Nas origens estamos em pé de igualdade. Não há pré-condições de nenhuma natureza. Ninguém é mais capacitado moralmente, nem intelectualmente. A cultura e a experiência social é que vão definir, em meio ao exercício possível da liberdade, quem afinal de contas somos nós. Dependendo do rumo da vida, assumiremos esta ou aquela inclinação, devido aos enlaces com valores, modos de vida, pontos de vista e leituras de mundo, como diria Paulo Freire.
Não há como desejar erroneamente julgar-se acima do bem e do mal, estar mais próximo da verdade e do “lado certo” da realidade, na expectativa de que sejamos fortes o suficiente para tudo resolver, tudo dar conta, sem contar com o que conta, a relação com os outros.

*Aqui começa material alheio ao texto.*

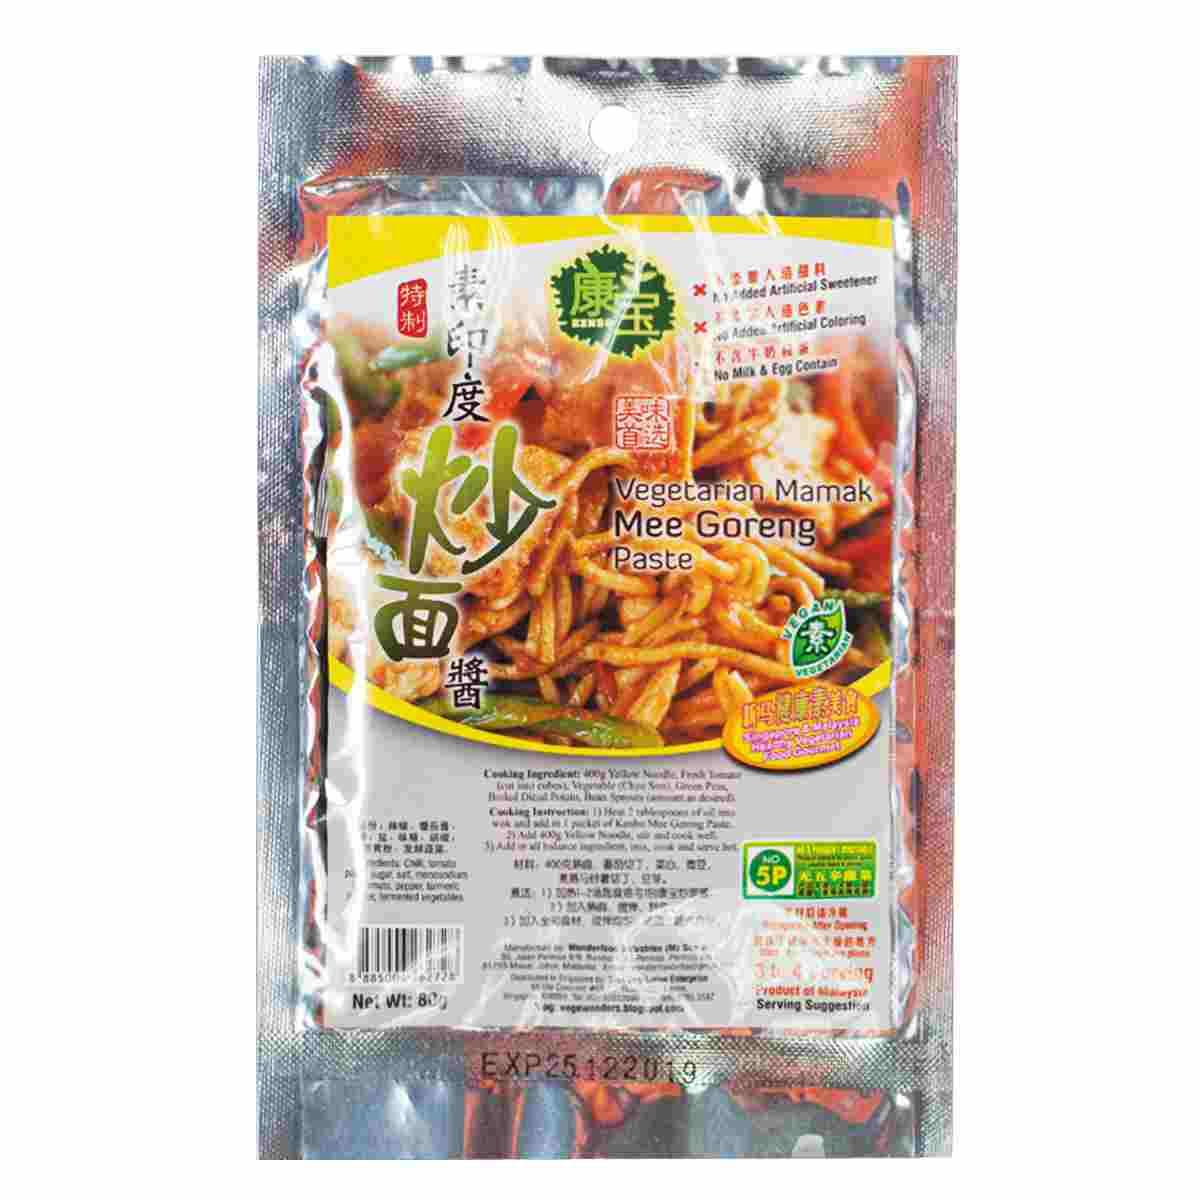 Image Mamak Mee Goreng Paste 康宝 - 印度炒面酱 80grams

Infelizmente temos essa tendência, por ausência de autocrítica, em pensar que a eficiência de nossas ações sobrepuja a necessidade do olhar do outro. Fato presente na atualidade imaginar que nossos anseios devem ser satisfeitos imediatamente. Uma infelicidade tal que nos rodeia, fruto da felicidade fabricada, que não conseguimos viver em paz.
Correndo atrás do que nunca estará ao nosso alcance, arquitetamos situações imaginárias, irreais, não factíveis, em nossos devaneios de todos os tipos. No plano da luta social, consideramos que nossas posições políticas, supostamente mais apropriadas, são fruto de nenhum grau de sociabilidade, como se metafisicamente, tivessem caído do céu sem precisarmos viver as contrariedades da vida. E mesmo ao vivê-las, por vezes nada aprendemos, já que reproduzimos em comportamentos hostis e contrários ao nosso dizer, o que antes supúnhamos ser o bem.

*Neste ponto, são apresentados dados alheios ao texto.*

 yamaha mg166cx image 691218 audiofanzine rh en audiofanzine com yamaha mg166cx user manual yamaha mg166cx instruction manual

Optamos por este ou aquele caminho ideológico, levados pelas circunstâncias de cada momento, mas nem todos temos princípios mínimos inegociáveis. No vale tudo do “ganhar posição” na luta social, abdicamos da decência e da sensatez. As ideologias “intocáveis” e restritas, por outro lado, em termos de dialogicidade, morrem na praia do cotidiano, enquanto as marés das necessidades imediatas pedem socorro constantemente. Etéreas e fugazes, ficam as ideias, ao menos para alguns que não conseguem perceber o chão da sociedade.
É triste que não passemos disso, aquilo que éramos antes, nas vésperas de nossa existência. Projetos quase inertes e nivelados pela biologia, ou quem sabe, no mínimo por algum sentido existencial. No mais, puro devaneio. Ou como diz Marcia Tiburi, citando Calderon de La Barca, “a vida é apenas um sonho”. Melhor ainda, o que nos lembra Shakespeare, “a vida é uma simples sombra que passa” (…); é uma história contada por um idiota, cheia de ruído e de furor e que nada significa”.